Андрей Петрович вгляделся в экран видеофона. Мужчина под тридцать. Строго одет — костюм, галстук. Улыбается, но глаза серьёзные. У Андрея Петровича ёкнуло под сердцем, объявление он вывешивал в сеть лишь по привычке. За десять лет было шесть звонков. Трое ошиблись номером, ещё двое оказались работающими по старинке страховыми агентами, а один попутал литературу с лигатурой.
— Д-даю уроки, — запинаясь от волнения, сказал Андрей Петрович. — Н-на дому. Вас интересует литература?
— Интересует, — кивнул собеседник. — Меня зовут Максим. Позвольте узнать, каковы условия.
«Задаром!» — едва не вырвалось у Андрея Петровича.
— Оплата почасовая, — заставил себя выговорить он. — По договорённости. Когда бы вы хотели начать?
— Я, собственно… — собеседник замялся.
— Первое занятие бесплатно, — поспешно добавил Андрей Петрович. — Если вам не понравится, то…
— Давайте завтра, — решительно сказал Максим. — В десять утра вас устроит? К девяти я отвожу детей в школу, а потом свободен до двух.
— Устроит, — обрадовался Андрей Петрович. — Записывайте адрес.
— Говорите, я запомню.

В эту ночь Андрей Петрович не спал, ходил по крошечной комнате, почти келье, не зная, куда девать трясущиеся от переживаний руки. Вот уже двенадцать лет он жил на нищенское пособие. С того самого дня, как го уволили.
— Вы слишком узкий специалист, — сказал тогда, пряча глаза, директор лицея для детей с гуманитарными наклонностями. — Мы ценим вас как опытного преподавателя, но вот ваш предмет, увы. Скажите, вы не хотите переучиться? Стоимость обучения лицей мог бы частично оплатить. Виртуальная этика, основы виртуального права, история робототехники — вы вполне бы могли преподавать это. Даже кинематограф всё ещё достаточно популярен. Ему, конечно, недолго осталось, но на ваш век… Как вы полагаете?

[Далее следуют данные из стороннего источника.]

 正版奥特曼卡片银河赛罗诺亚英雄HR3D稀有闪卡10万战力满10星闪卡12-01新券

Андрей Петрович отказался, о чём немало потом сожалел.

Новую работу найти не удалось, литература осталась в считанных учебных заведениях, последние библиотеки закрывались, филологи один за другим переквалифицировались кто во что горазд.

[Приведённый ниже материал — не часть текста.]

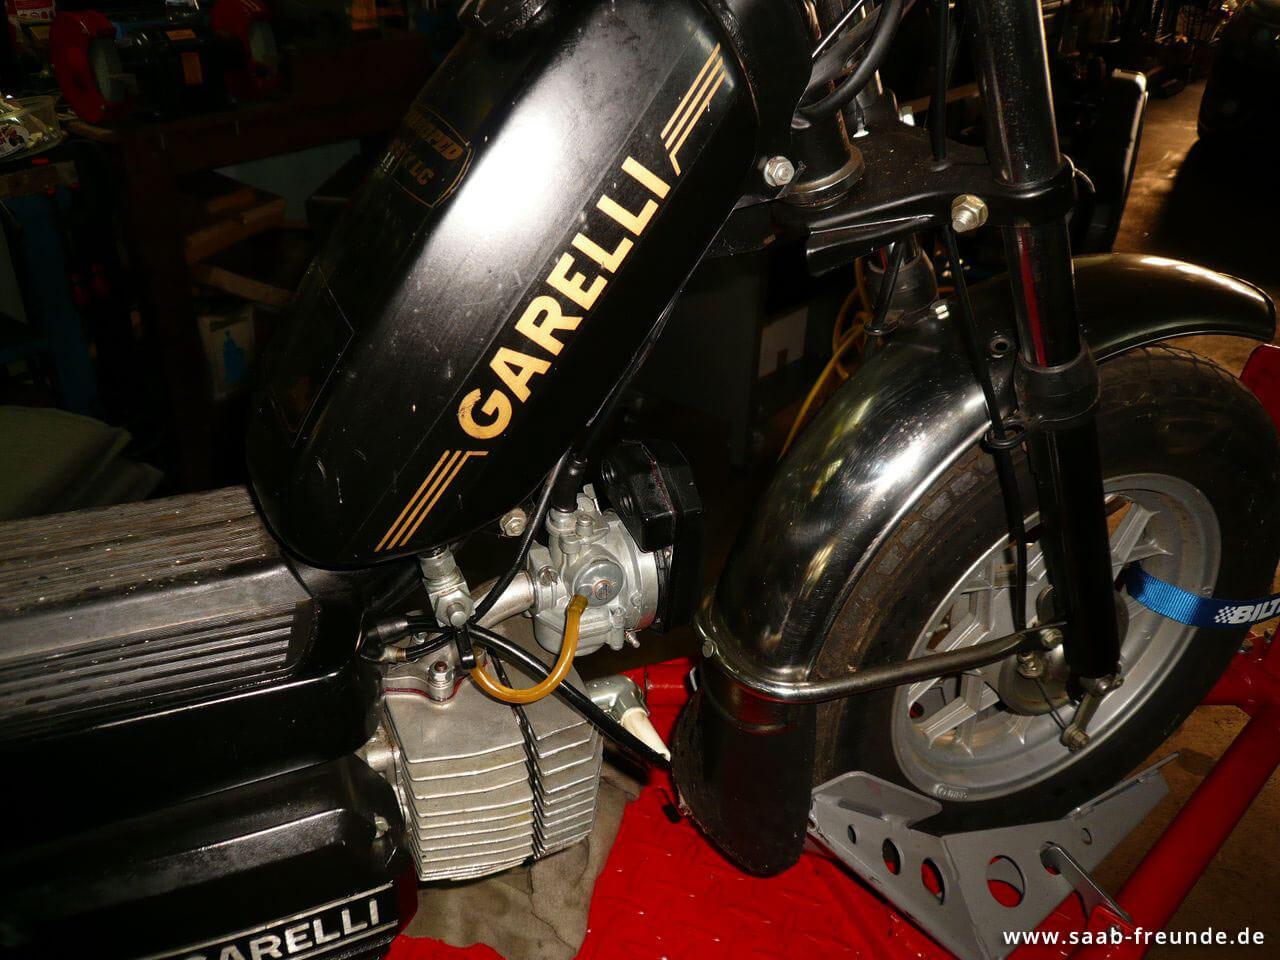 Garelli Katia Europed 25 XLC (15)

Пару лет он обивал пороги гимназий, лицеев и спецшкол. Потом прекратил. Промаялся полгода на курсах переквалификации. Когда ушла жена, бросил и их.

Сбережения быстро закончились, и Андрею Петровичу пришлось затянуть ремень. Потом продать аэромобиль, старый, но надёжный. Антикварный сервиз, оставшийся от мамы, за ним вещи. А затем… Андрея Петровича мутило каждый раз, когда он вспоминал об этом — затем настала очередь книг. Древних, толстых, бумажных, тоже от мамы. За раритеты коллекционеры давали хорошие деньги, так что граф Толстой кормил целый месяц. Достоевский — две недели. Бунин — полторы.
В результате у Андрея Петровича осталось полсотни книг — самых любимых, перечитанных по десятку раз, тех, с которыми расстаться не мог. Ремарк, Хемингуэй, Маркес, Булгаков, Бродский, Пастернак… Книги стояли на этажерке, занимая четыре полки, Андрей Петрович ежедневно стирал с корешков пыль.

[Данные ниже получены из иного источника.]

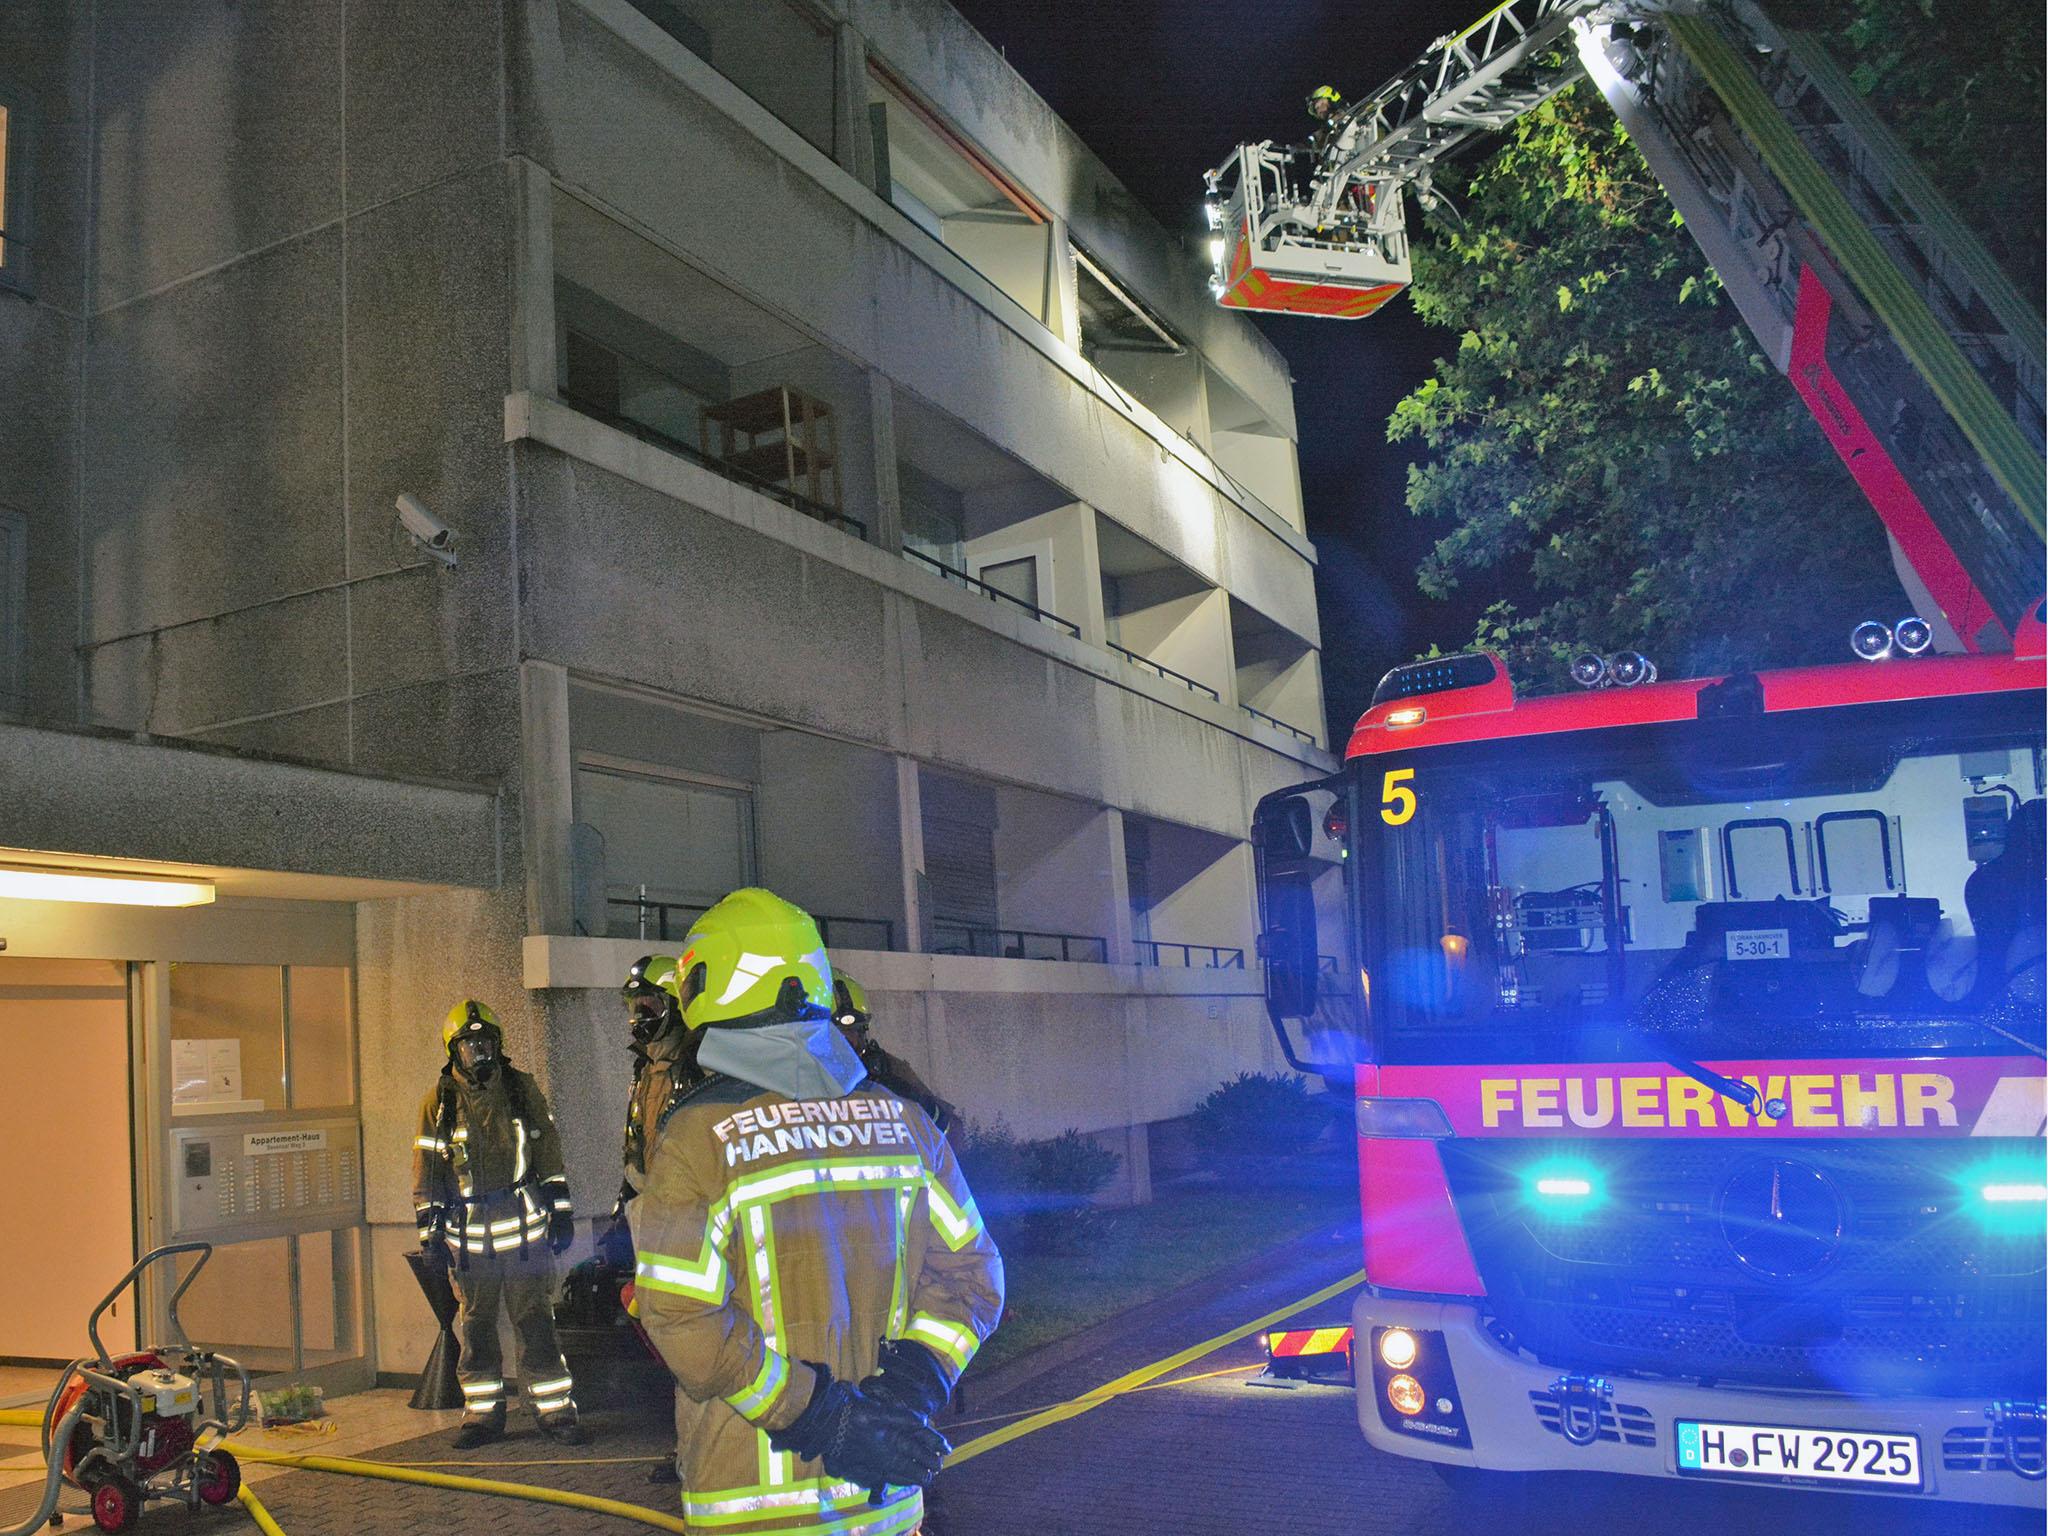 Frau bei Wohnungsbrand schwer verletzt

«Если этот парень, Максим, — беспорядочно думал Андрей Петрович, нервно расхаживая от стены к стене, — если он… Тогда, возможно, удастся откупить назад Бальмонта. Или Мураками. Или Амаду».
Пустяки, понял Андрей Петрович внезапно. Неважно, удастся ли откупить. Он может передать, вот оно, вот что единственно важное. Передать! Передать другим то, что знает, то, что у него есть.

Максим позвонил в дверь ровно в десять, минута в минуту.
— Проходите, — засуетился Андрей Петрович. — Присаживайтесь. Вот, собственно… С чего бы вы хотели начать?

Максим помялся, осторожно уселся на край стула.
— С чего вы посчитаете нужным. Понимаете, я профан. Полный. Меня ничему не учили.
— Да-да, естественно, — закивал Андрей Петрович. — Как и всех прочих. В общеобразовательных школах литературу не преподают почти сотню лет. А сейчас уже не преподают и в специальных.
— Нигде? — спросил Максим тихо.
— Боюсь, что уже нигде. Понимаете, в конце двадцатого века начался кризис. Читать стало некогда. Сначала детям, затем дети повзрослели, и читать стало некогда их детям. Ещё более некогда, чем родителям. Появились другие удовольствия — в основном, виртуальные. Игры. Всякие тесты, квесты… — Андрей Петрович махнул рукой. — Ну, и конечно, техника. Технические дисциплины стали вытеснять гуманитарные. Кибернетика, квантовые механика и электродинамика, физика высоких энергий. А литература, история, география отошли на задний план. Особенно литература. Вы следите, Максим?
— Да, продолжайте, пожалуйста.
— В двадцать первом веке перестали печатать книги, бумагу сменила электроника. Но и в электронном варианте спрос на литературу падал — стремительно, в несколько раз в каждом новом поколении по сравнению с предыдущим. Как следствие, уменьшилось количество литераторов, потом их не стало совсем — люди перестали писать. Филологи продержались на сотню лет дольше — за счёт написанного за двадцать предыдущих веков.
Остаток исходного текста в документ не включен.